%%

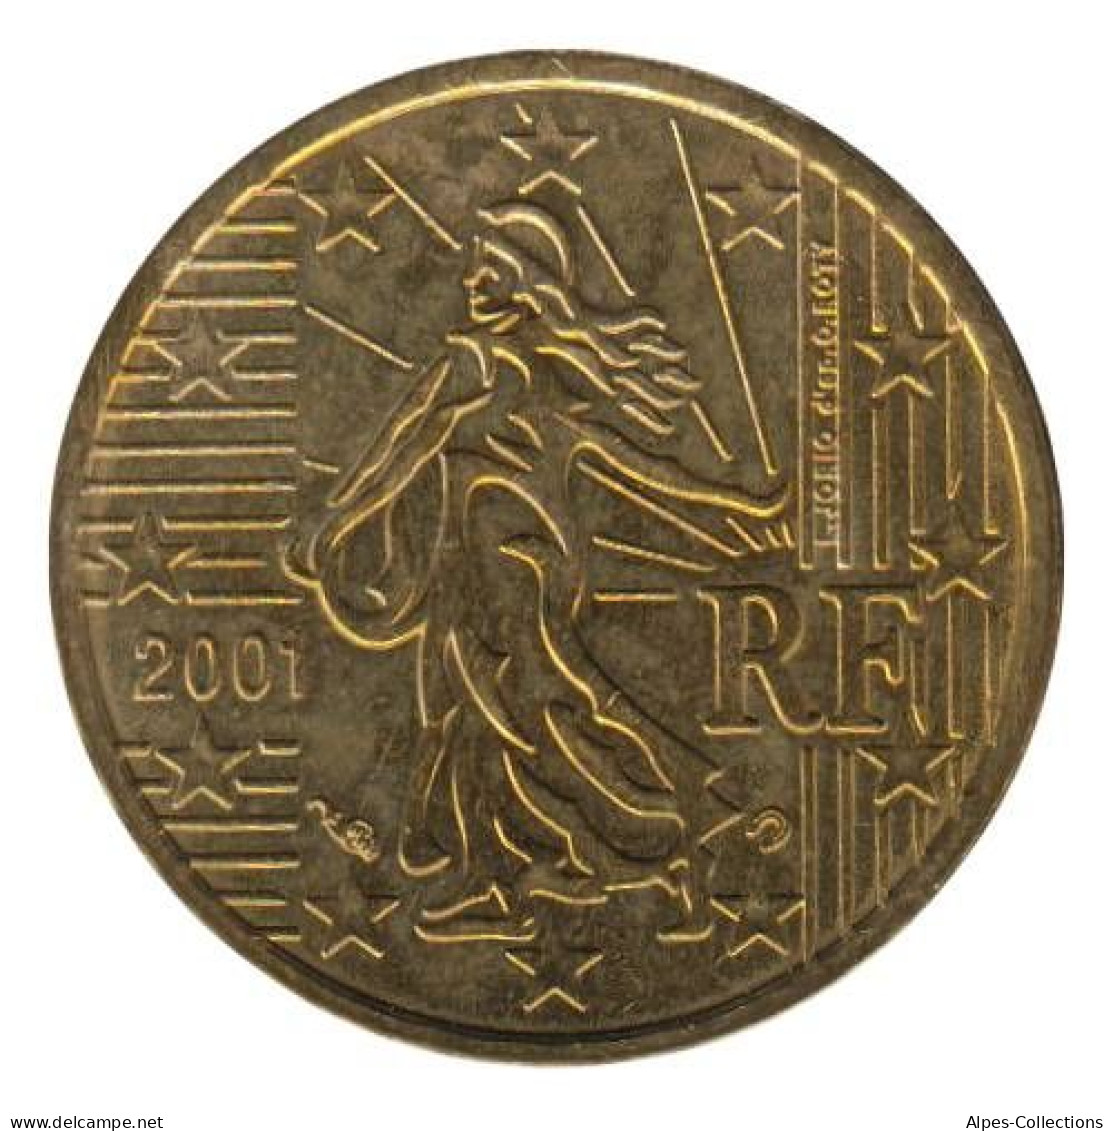 FR01001.1 - FRANCE - 10 Cents - 2001 - France
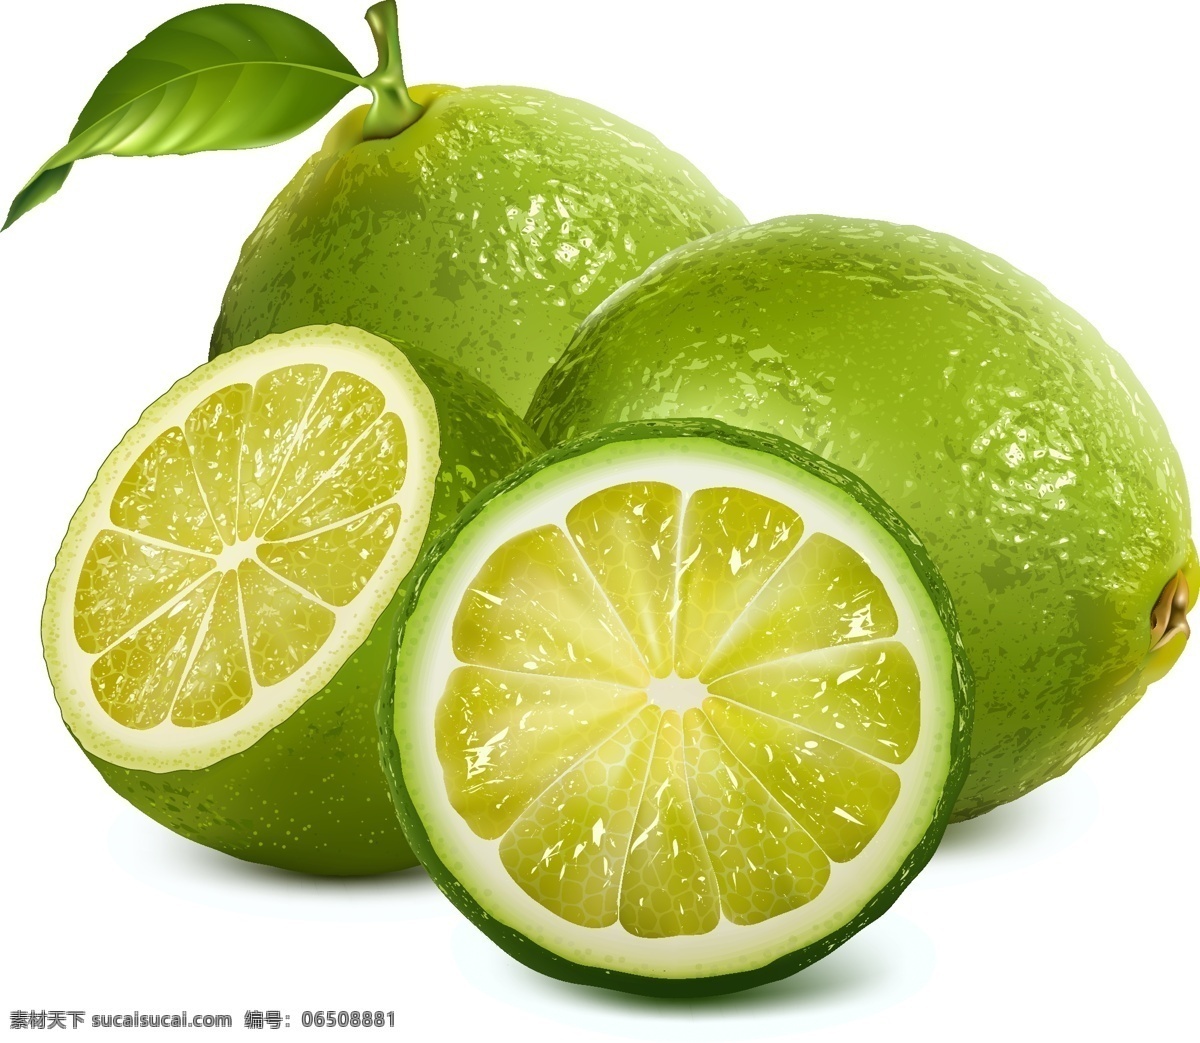 柠檬 水果 鲜柠檬 新鲜水果 洋柠檬 益母果 青柠檬 绿色 可口的柠檬 进口柠檬 酸涩 去火 助消化 柠檬片 柠檬切片 平面素材
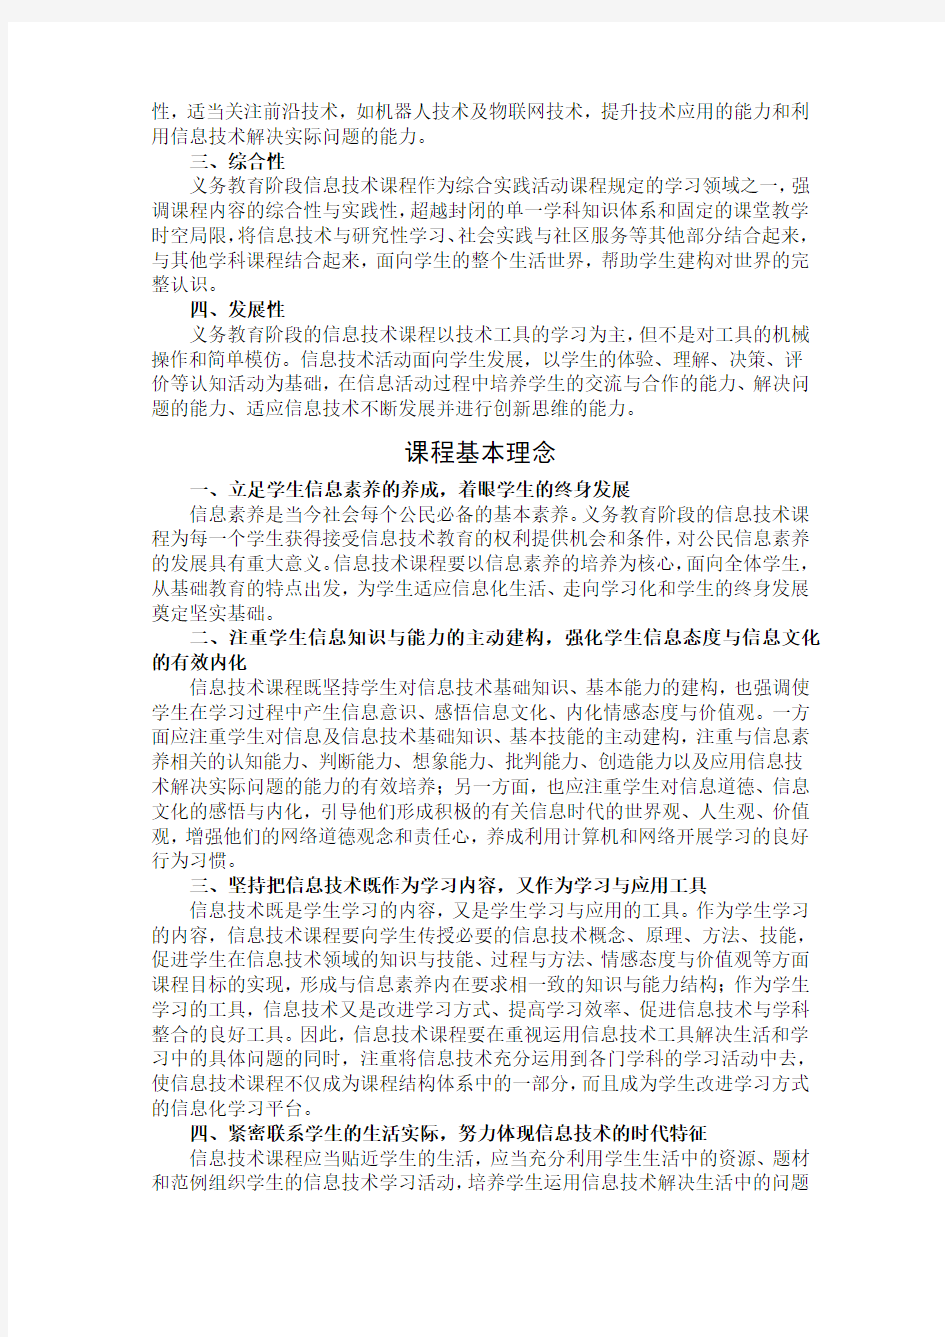 江苏省义务教育信息技术课程指导纲要(2013年修订)

%%

### Problem statement
For this exercise, write the listing out again exactly, excluding all images.

### Your solution
 FR01001.1 - FRANCE - 10 Cents - 2001 - France
 柠檬 水果 鲜柠檬 新鲜水果 洋柠檬 益母果 青柠檬 绿色 可口的柠檬 进口柠檬 酸涩 去火 助消化 柠檬片 柠檬切片 平面素材
 江苏省义务教育信息技术课程指导纲要(2013年修订)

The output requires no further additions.